Эммануэль ничего не ответил, подивившись дерзости узника, истекающего кровью и дрожащего от лихорадки на полу в холодной и темной клетке. Редко кто осмеливался так разговаривать с господином Лувара!
... И тут же жестоко за это не поплатился. Ты видишь, малышка, что Эммануэль, сам того еще не осознавая, начал испытывать к юноше сильную симпатию?
— Сальвиус приходил к вам? — спросил Эммануэль.
— Да. Мне кажется. Яне уверен. Плохо помню...— Голос юноши, и до этого очень слабый, стал еле слышным.
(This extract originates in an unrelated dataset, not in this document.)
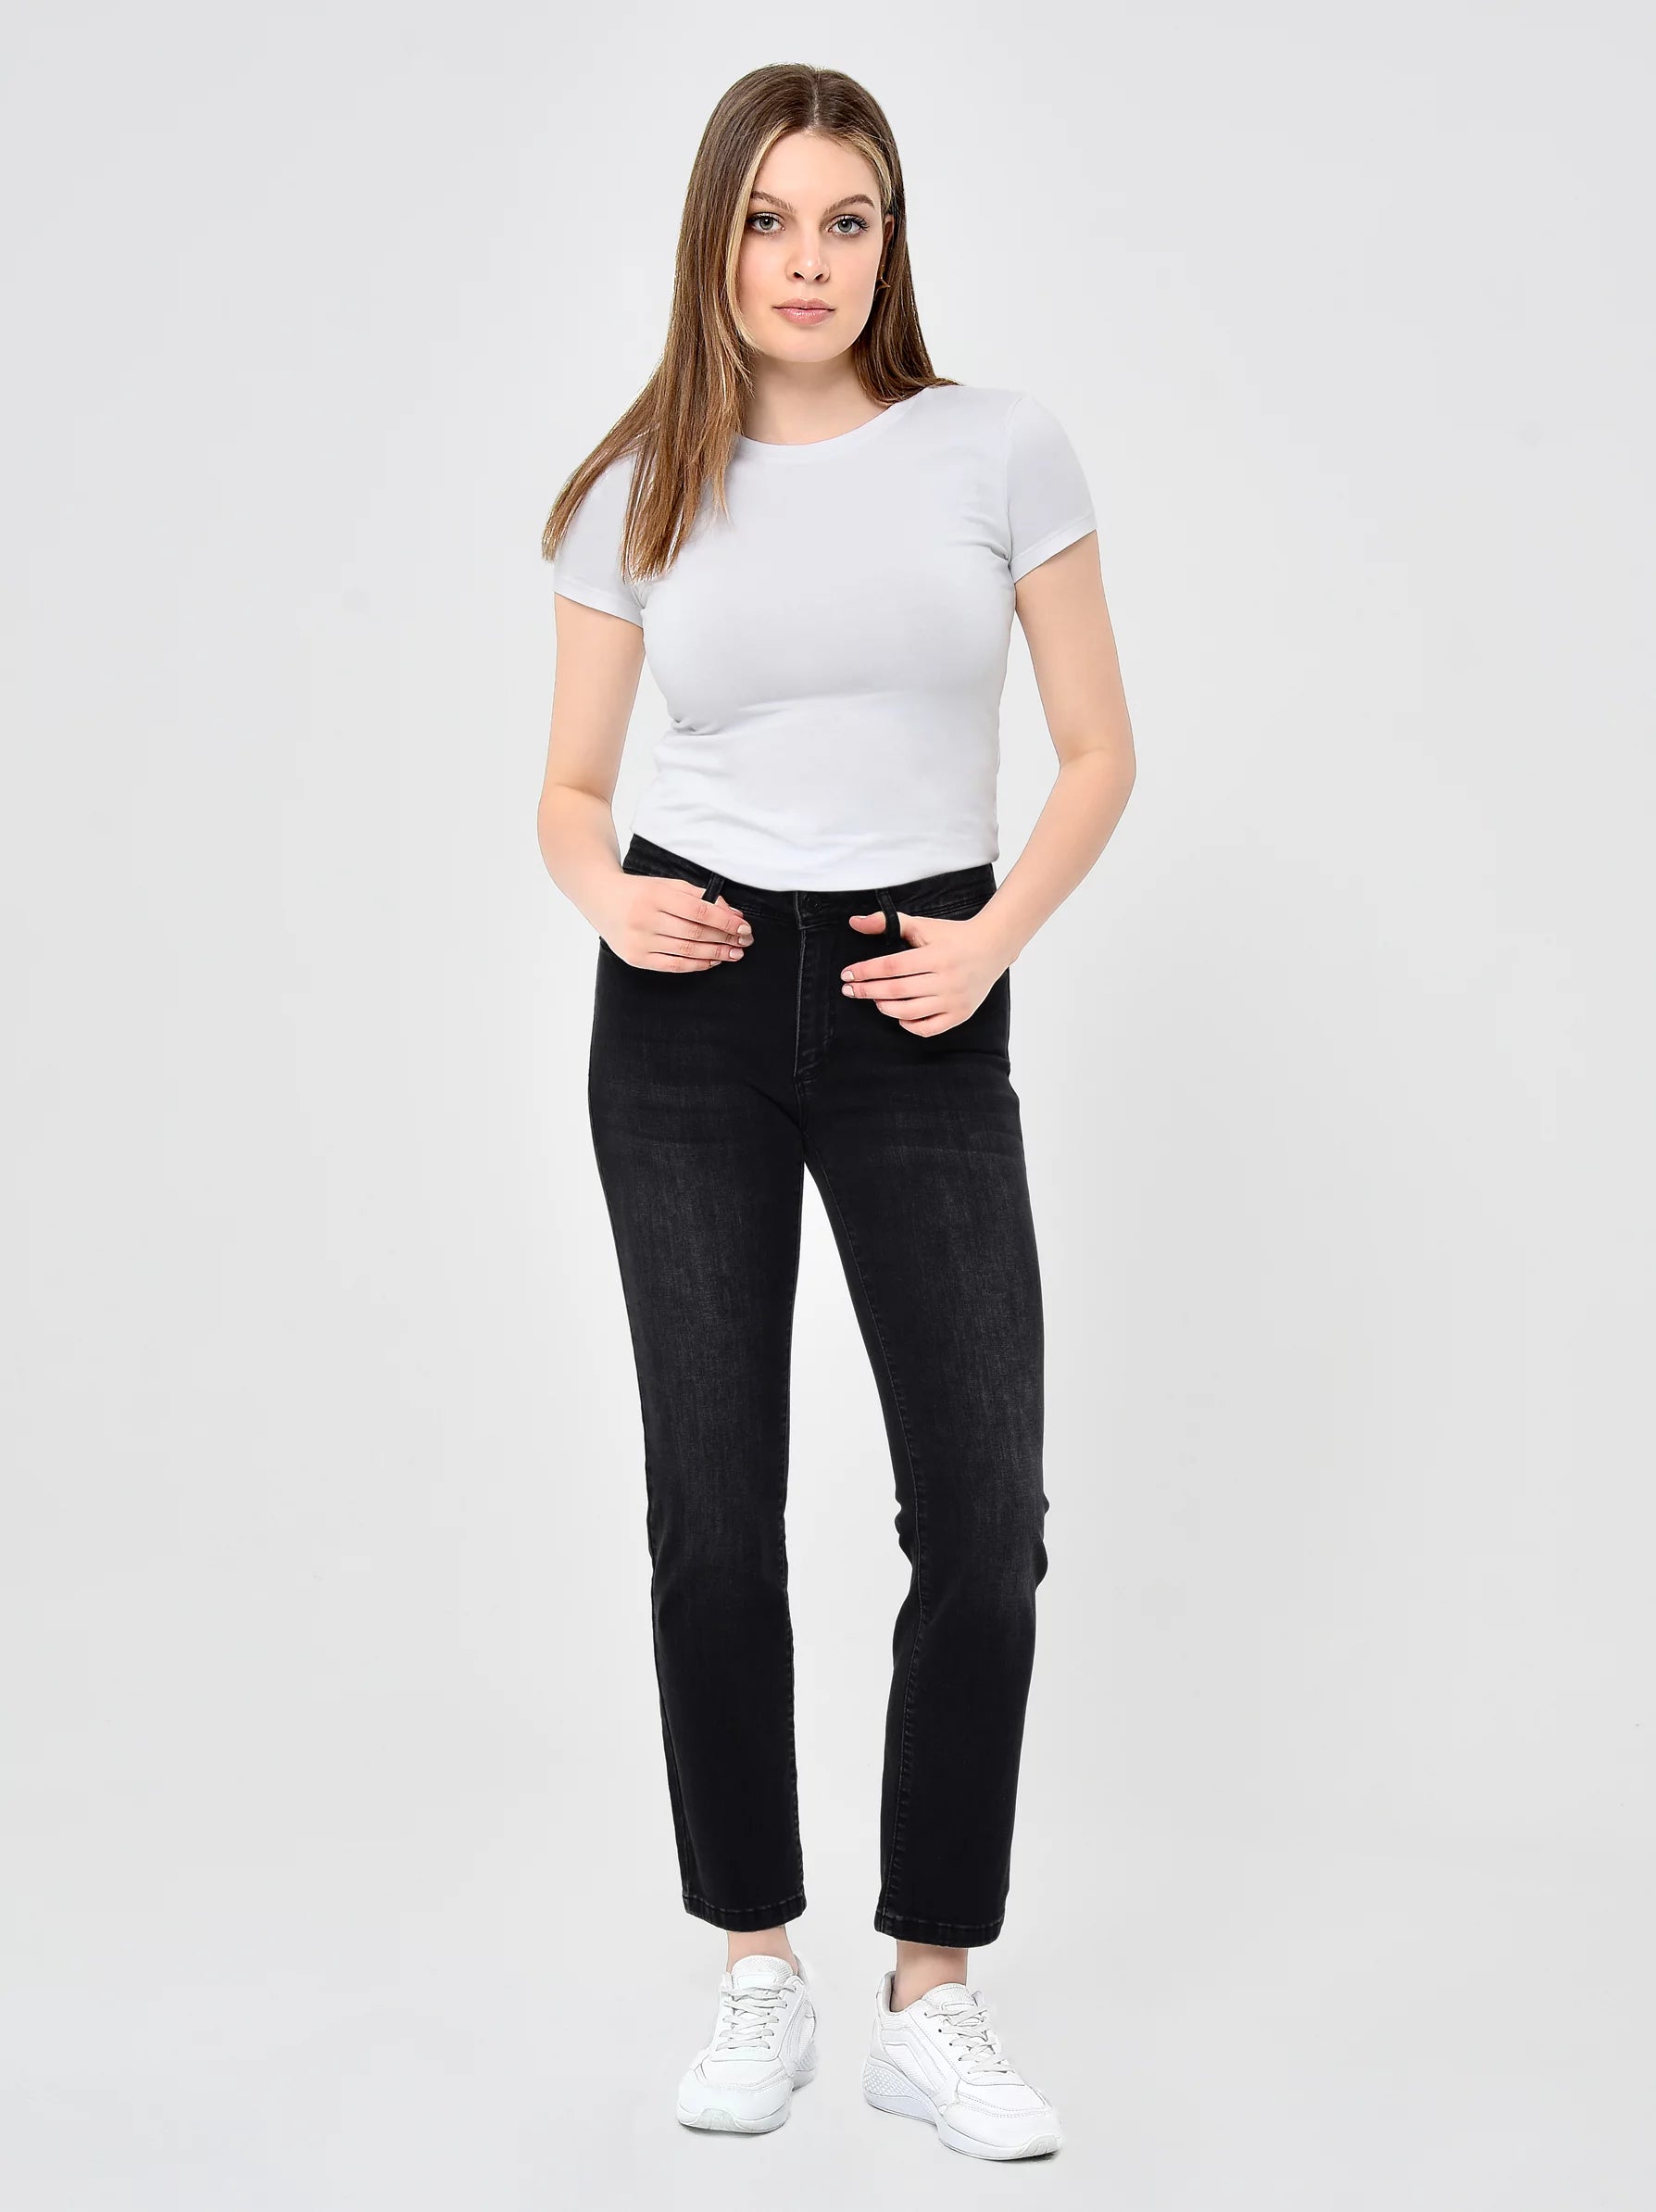 What Jeans to Wear if You Have a Belly? – Modora UK

Он закрыл глаза.
Эммануэль смотрел на его удивительно правильные черты лица и в сотый раз задавал себе один и тот же вопрос: как мог такой гордый и мужественный человек решиться на столь гнусное убийство?
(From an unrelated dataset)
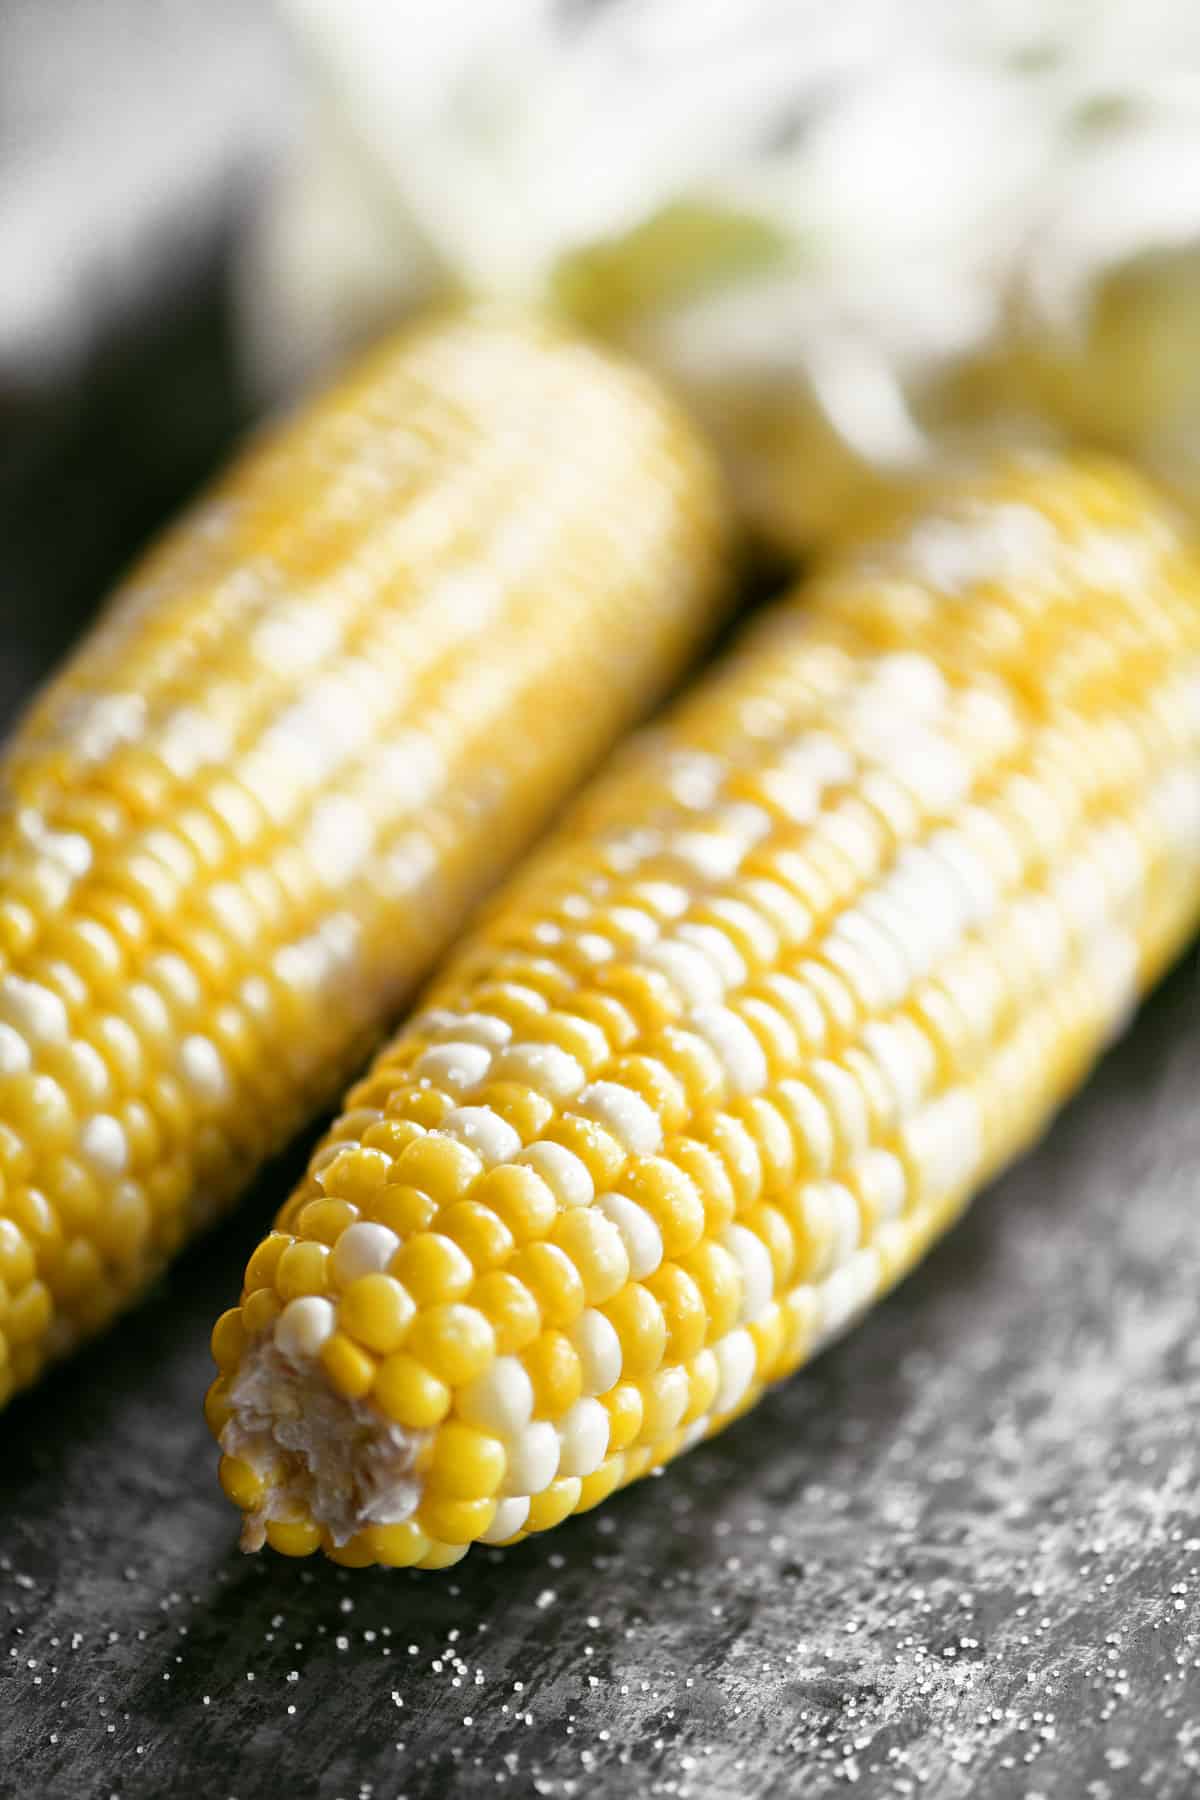 Two corn on the cob.

Минуту он стоял неподвижно, затем развернулся и опустил руку в чан с водой. Очень осторожно, не поднимая всплесков, вымыл ладонь — ему не хотелось усугублять и без того суровые мучения узника. Перед тем как уйти, он обернулся и поймал на себе взгляд Проклятого, который тут же по своему обыкновению отвел глаза в сторону. Движимый внезапным и странным порывом, Эммануэль протянул мокрую руку и провел ею по горячим потрескавшимся губам осужденного.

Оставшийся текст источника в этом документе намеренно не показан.